Congos and their native bagboys speak against tribalism or tribal politics, but if it is convenient for them, they would use it to achieve the desired goal. They frown on public discussions of the Congo-Country divide, they speak of the need for unity, that all Liberians are one, that there is no Congo and Country and that Liberians should talk only about the present and not about the past, but deep down in their hearts, they want to, or think they should be, number one; they should rule Liberia. They continue to exhibit past behaviors. In other words, the descendants of the settlers uphold the philosophy of their forebears.

My Story

Let me tell you a true story.

I have a boyhood friend; in Liberia, we attended the same elementary school and did things together as if we were blood brothers.
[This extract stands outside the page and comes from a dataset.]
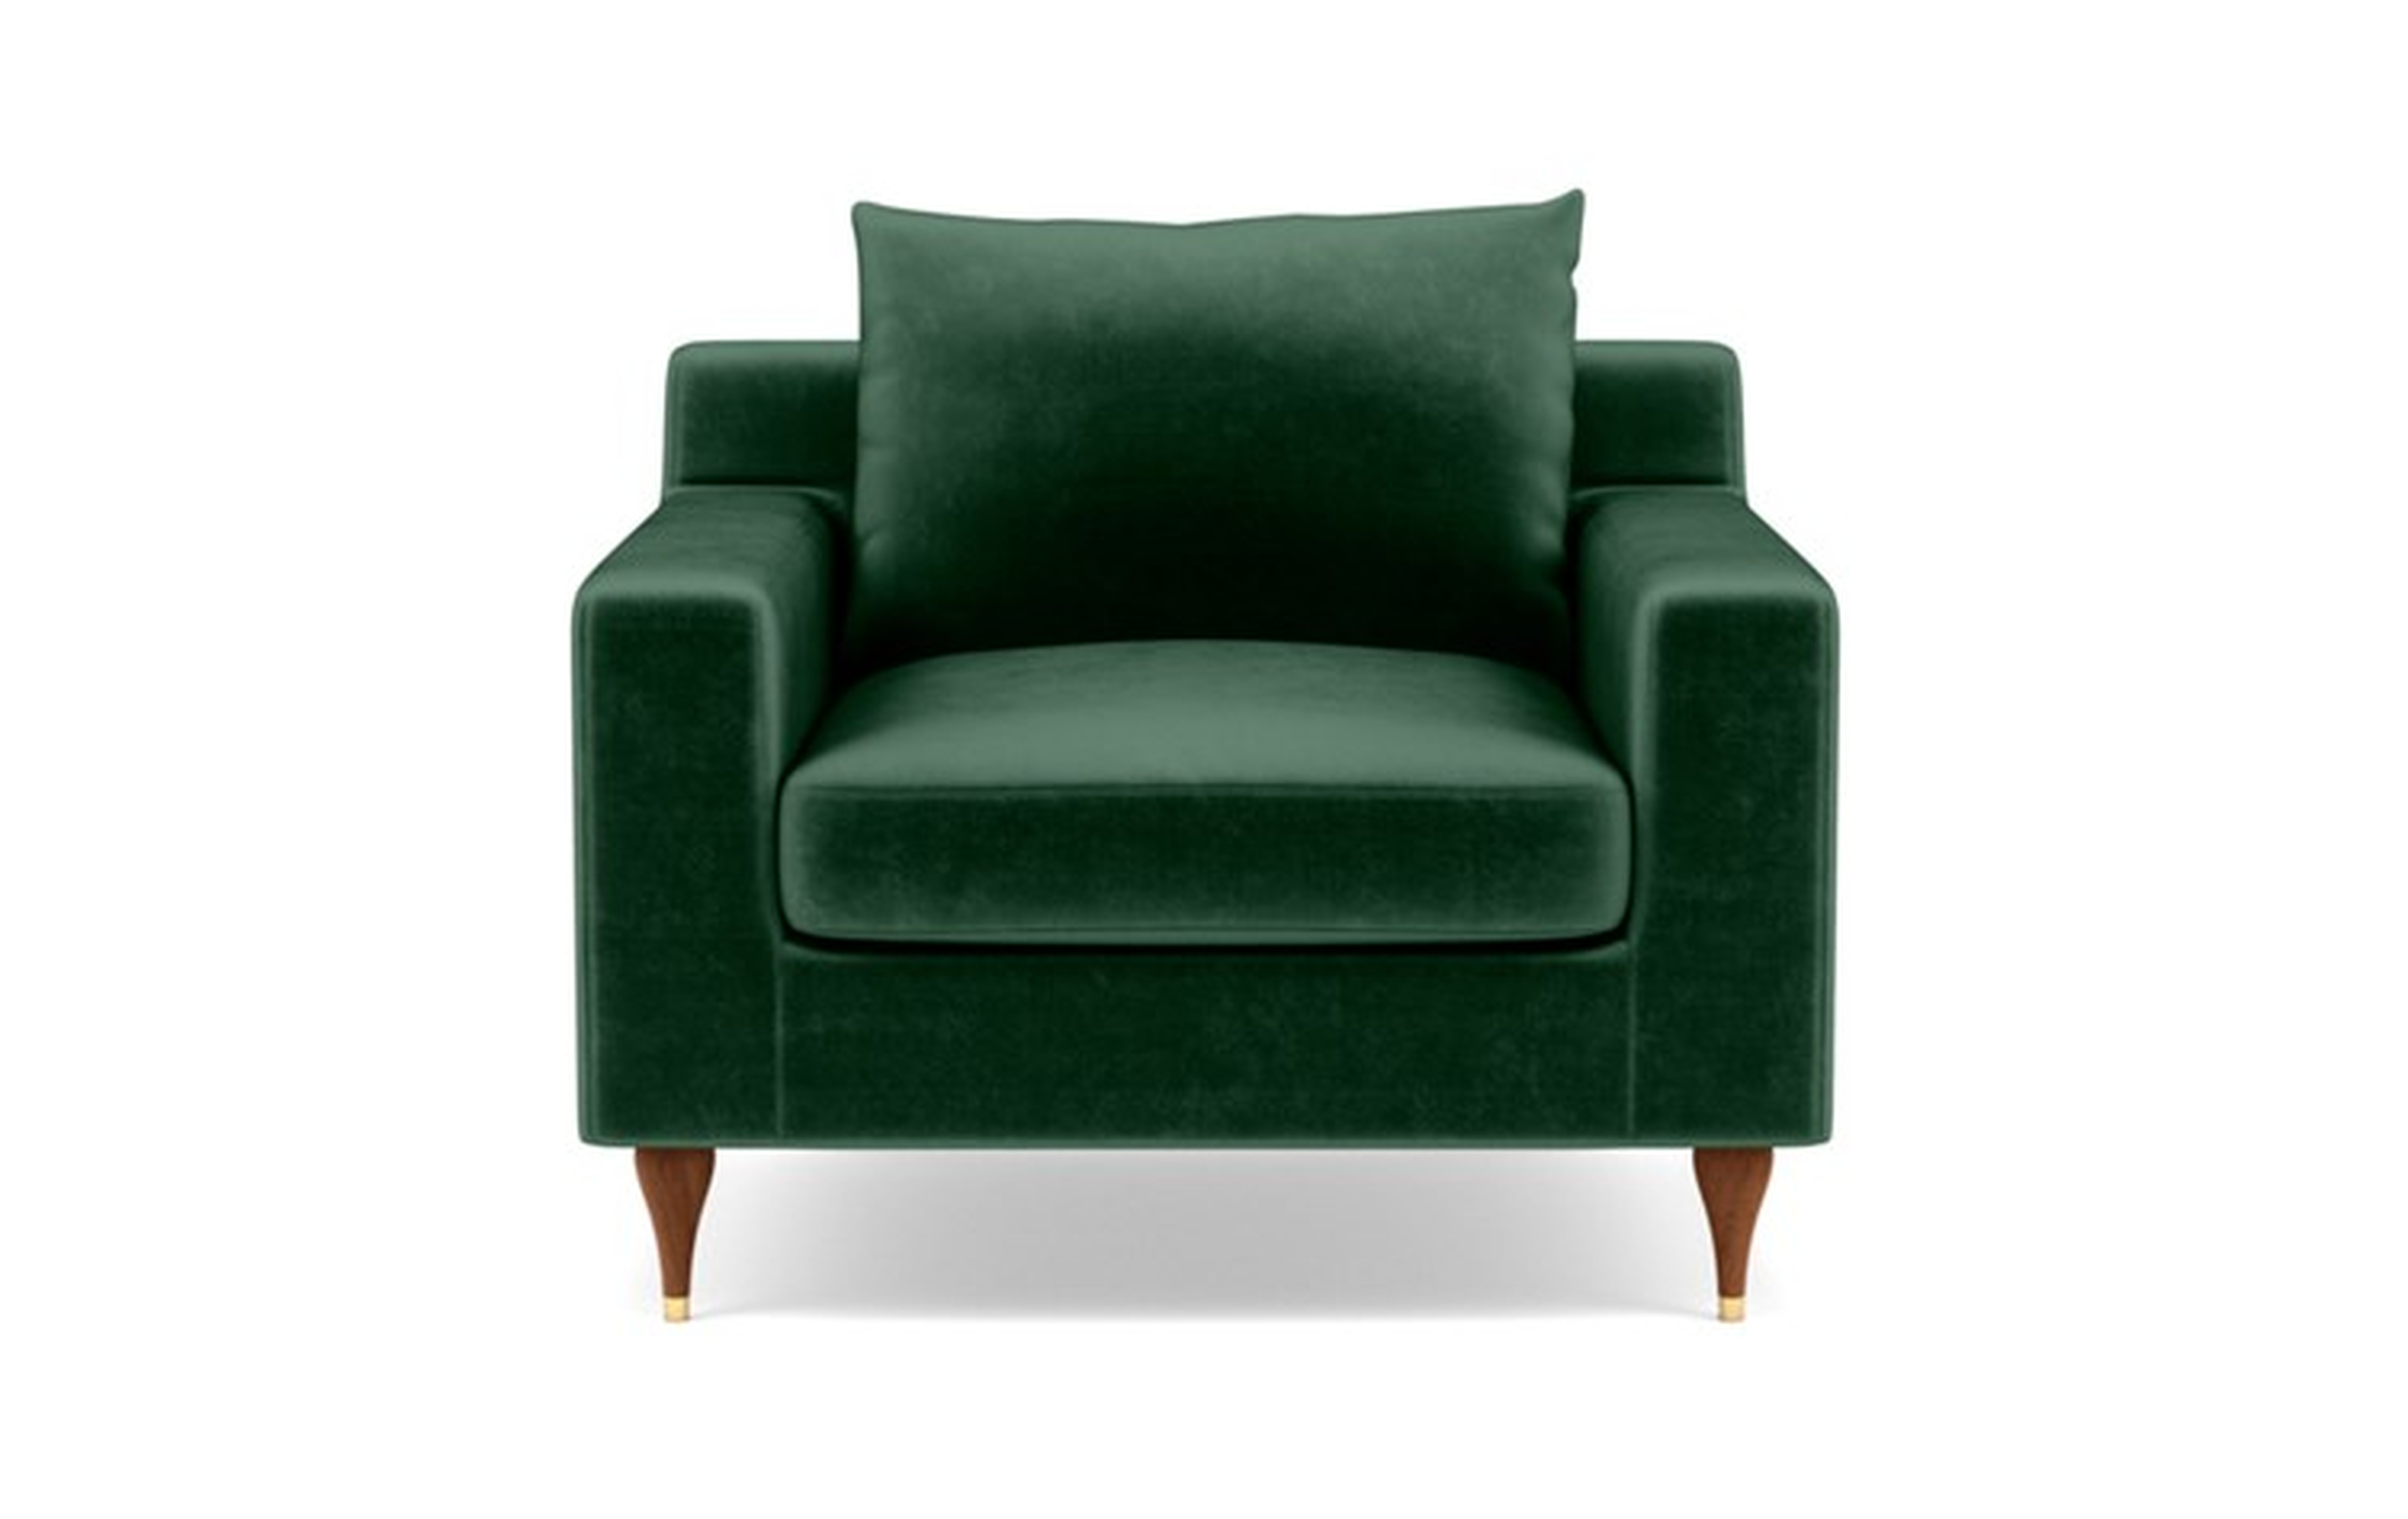 Sloan Accent Chair with Green Malachite Fabric, down alternative cushions, and Oiled Walnut with Brass Cap legs - Interior Define

We left separately for the US as teenagers, lived together many times. As adults, our friendship grew stronger. We finished school and married with our respective families. God has blessed us.
We openly talk Liberian politics and discuss the social conditions in Liberia. He is an Americo-Liberian or Congo by birth and I am Kru. We see no major differences between us. Liberia is our country, and we are all Liberians.

In America, he bought a new house and had returned from a trip abroad, so three years ago, he invited me to visit him and his family and to see the house. One evening while we sat in the living room watching a show, he said:
“Nyanfore, I want to become president of Liberia”. I paid no attention and focused on watching the show.
“Nyanfore”, he said louder touching my shoulder and wanting my attention.
“I want to run for the presidency of Liberia 2017”, he continued. He had gotten my attention now.
“O ya, are you kidding”? I asked.
“I am not kidding, I am serious” he replied. I know that he is an American citizen, therefore I asked again.
“So how about your American citizenship, and how about the 10 years residency clause required for presidential candidacy? You have been away from Liberia for over 15 years”. I pointed out and added,
“You know you can not be an American citizen and want to become president of Liberia; and the 10 years clause will affect you”.
That is not a problem; I will fix it. He replied, and said,
“That country is for us the Americo-Liberians”. We should be president; we should rule that country”.
I was quiet; I was shocked, stunned. I could not believe what I was hearing.
“The country people, or the native people, shouldn’t run that country”, he continued. “Doe got lucky, we overlooked him, but it would not happen anymore”, he said. Then he turned to me.
“Nyanfore, you are a smart guy, you went to some of the best schools in this country; I can appoint you minister if I win. Are you with me? He asked.
“Hmmm!”, I said, frowning. I could not say anything further. I could not argue with him nor discuss the subject further. He was serious. I knew; he never talked like that before. He was voicing his true feeling.

What I heard ran a chill in my spine. I later went to sleep in the room, which his wife had nicely prepared for me. I just could not sleep, thinking about what he said.
I departed for Washington, DC, my home town. On my trip home, I thought about what he said. Here was a friend who was like a brother. We saw each other as one, despite our different ethnic backgrounds. Now he felt that in the country where we were born he has more privilege and opportunity than me. He felt that he can become president and I will be his minister. To him, the country is for him and his likes. The land is their birthright. Because he is a Congo, he should be president.

The thought of the incident stayed on my mind until I arrived home after about a six-hour trip. My friend’s quest for the presidency was not based on his education, experience, honesty, integrity, demonstrated concern and love for the country and people. Rather, his was purely based on the fact that he is a Congo. His quest was also a gross disregard for the Liberian constitution, which forbids dual citizenship and a foreigner from participating in Liberian elections.

Later, my friend left for Liberia to run his campaign. I am disappointed, not merely for his view, but his audacity to disrespect the constitution.